Parsons School of Design announces Ensemble, the BFA Fashion Design Class of 2026 runway showcase. The presentation brings together 31 designers from 12 nationalities across 4 continents, forming a graduating class shaped by range, specificity, and a wide view of what fashion can hold. Through runway collections and product design, the Class of 2026 presents work across womenswear, menswear, and gender-neutral design, with dedicated approaches to size inclusive and adaptive fashion.
FASHION
The title Ensemble sets the tone for the showcase. The name refers to a musical group, where each instrument keeps its own sound while contributing to a larger composition. Parsons uses that idea to frame a class built from many voices, histories, and design positions.

Across the showcase, fashion becomes a site for social critique, identity, and cultural memory. The designers draw from traditions, political histories, personal experiences, and material research. Represented nationalities reach across the Americas, Europe, Asia, and the Caucasus, giving the class an international scope that shapes both concept and construction. The work connects dress to lived experience, treating garments and objects as ways to examine belonging, protest, gender, culture, and the body.
Several collections engage with specific cultural and historical references. The showcase includes work rooted in Georgian youth protest, Indigenous Filipinx spirituality, Turkish feminist craft, Southern American identity, Japanese repair traditions, and the material culture of Yunnan and Thailand. These references give the runway a broad emotional and intellectual range, while keeping each collection grounded in the designer’s own research. Ensemble treats fashion as a language that can carry memory, politics, ritual, and personal history through form, surface, and silhouette.

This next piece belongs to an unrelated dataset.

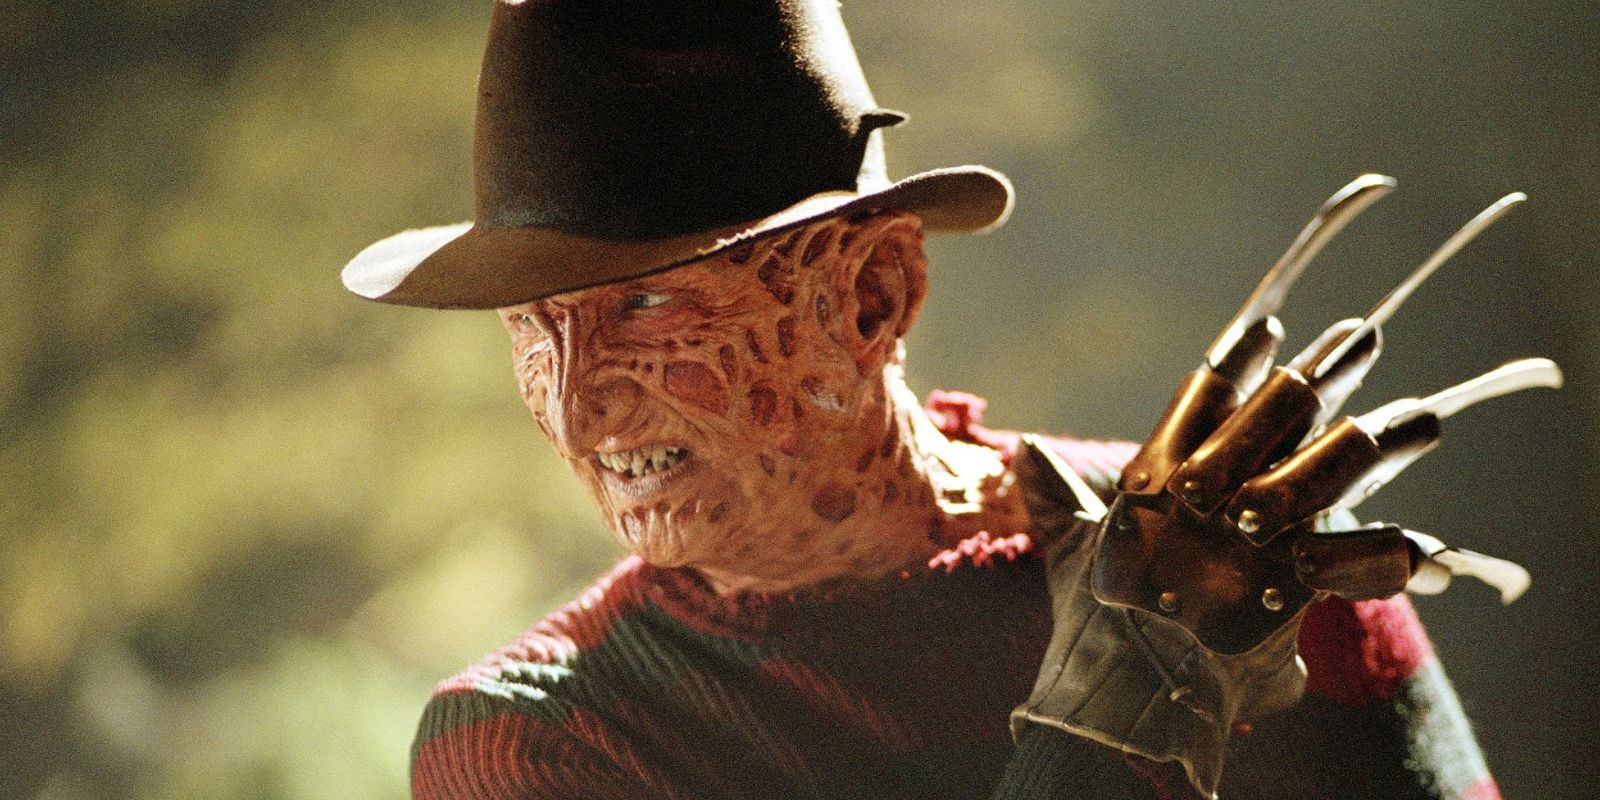 Freddy Krueger from A Nightmare on Elm Street
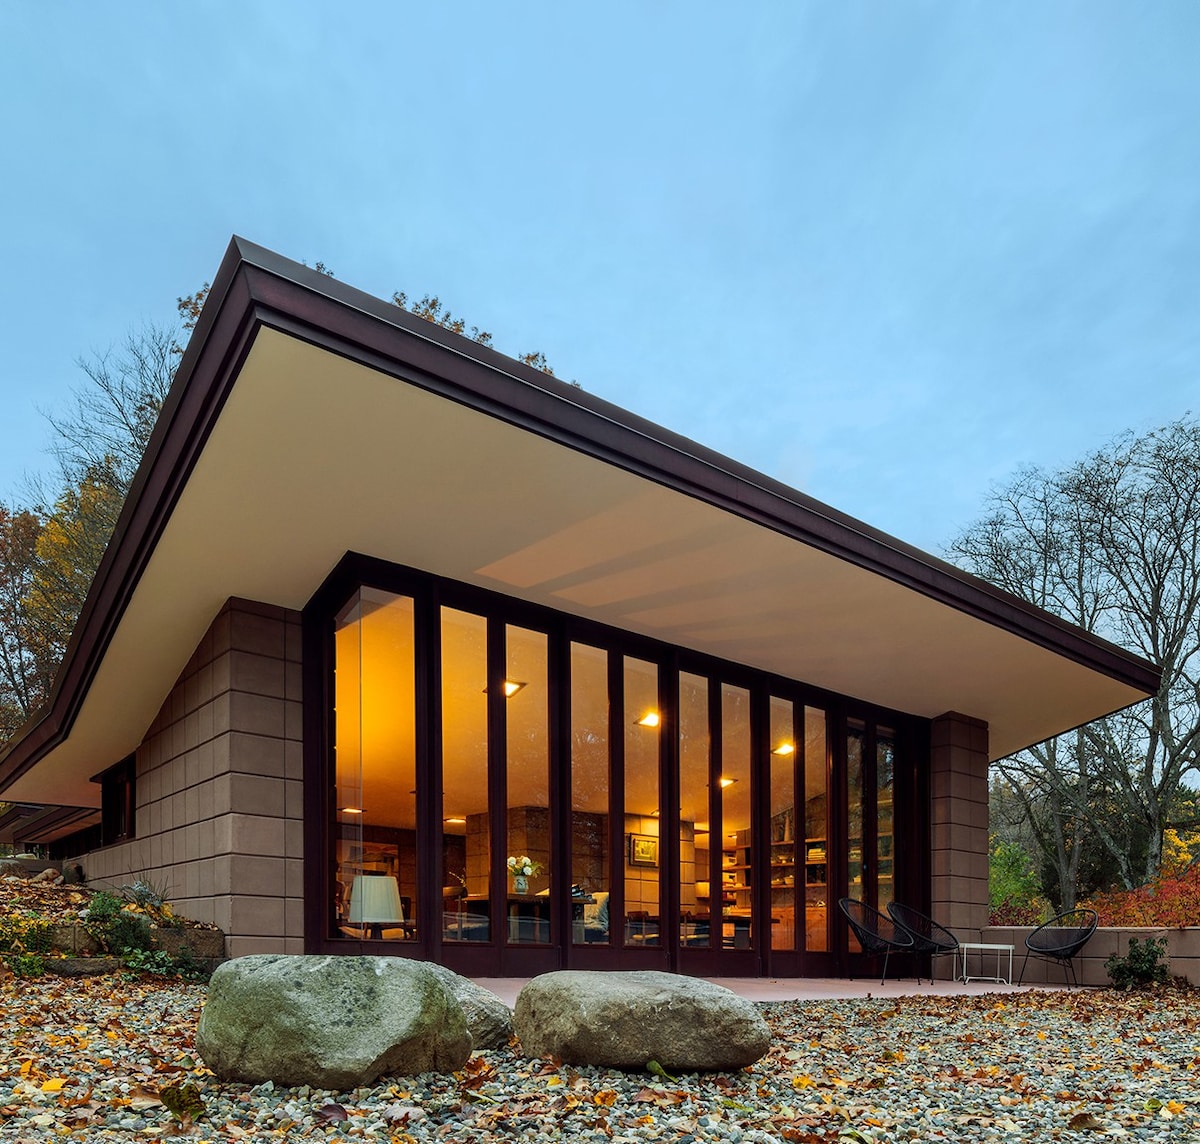 Impozantní cihlový dům architekta Franka Lloyda Wrighta je zasazen v přírodě a celou jednu jeho stěnu tvoří okna sahající od podlahy až ke stropu.

The Class of 2026 also turns attention toward process and responsibility. Multiple designers work with upcycling, circular design, reclaimed textiles, and slow craft traditions. These approaches place material decisions at the center of the work and ask how fashion takes shape, who makes it, and what systems support it. The showcase frames making as a design question, connecting aesthetics with labor, sourcing, reuse, and the future of garments after the runway.

Ensemble also expands the question of who fashion serves. The class includes dedicated work in size inclusive and adaptive fashion, placing access and body diversity within the graduate showcase. These collections push design beyond a narrow standard of fit or presentation. They approach the body with greater precision and care, treating fashion as a field that can respond to many physical needs, identities, and ways of moving through daily life.
The 31 designers present a graduating class with a wide view of fashion’s role today. Their work asks what fashion looks like, how people make it, and who enters its frame. Theory supports Ensemble as the official partner of the 2026 Parsons BFA Fashion Design Runway Showcase.